Securing Syncthing with Tailscale certificates

Leveraging Tailscale Certificates for Syncthing

The Synology version

Syncthing is an excellent tool and is installed on all of my Synology units. For quite a while, I have had my Syncthings behind a Caddy, facing the Internet, with IP-based filtering to block anyone but me accessing them.

Since I have been using Tailscale for years and have the certificates on my Synology units to make them accessible everywhere, I thought it should be possible to leverage those certificates for the Syncthing. And it is.

This guide is probably usable for anyone using similar technology but, for Syncthing on Synology with Tailscale, here’s how to do it.

Since Synology is slightly stripped-down linux, I decided to avoid symlinks from the Tailscale certs to the Syncthing data folder; simply put, it’s a copy process with ownership adjustments and a restart.

The Tailscale certificates are produced and stored in:

/usr/syno/etc/certificate/_archive/*something*

and the Syncthing certificates created on install and stored as follows:

/volume1/@appdata/syncthing

Make a backup of your Syncthing certificates before proceeding (it’s only sensible!):

sudo su -
cd /volume1/@appdata/syncthing
cp https-cert.pem https-cert.pem.org
cp https-key.pem https-key.pem.org

After that sensible move, use a script running as root periodically (I chose weekly) topull the Tailscale Let’s Encrypt certificates down when needed and copy them to the Syncthing environment.

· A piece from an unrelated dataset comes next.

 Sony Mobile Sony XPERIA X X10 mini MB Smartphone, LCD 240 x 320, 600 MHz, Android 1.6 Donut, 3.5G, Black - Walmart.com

Add the following code to your scheduled tasks in DSM (once you verified your directory structure is fundamentally the same):

#!/bin/sh

# Refresh Tailscale HTTPS certificates for Synology (must run as root)
tailscale configure synology-cert

# Determine the active certificate archive folder
ARCHIVE_DIR=$(cat /usr/syno/etc/certificate/_archive/DEFAULT)
SRC="/usr/syno/etc/certificate/_archive/${ARCHIVE_DIR}"
DST="/volume1/@appdata/syncthing"

# Copy Tailscale cert and private key to Syncthing HTTPS cert files
cp "$SRC/cert.pem" "$DST/https-cert.pem"
cp "$SRC/privkey.pem" "$DST/https-key.pem"

# Set ownership to Syncthing user and group (adjust as needed)
chown sc-syncthing:synocommunity "$DST/https-cert.pem" "$DST/https-key.pem"

# Set secure permissions
chmod 440 "$DST/https-cert.pem" "$DST/https-key.pem"

# Restart Syncthing service to apply new certificates
/usr/syno/bin/synopkg restart syncthing

The script will then run the Tailscale certificate pull and copy the files into the folder, change the permissions and keep your Taiscale certificates up-to-date for the unit and copy them so that Syncthing can also leverage them.

Gone are all browser warnings and you can connect from anywhere using your Tailnet.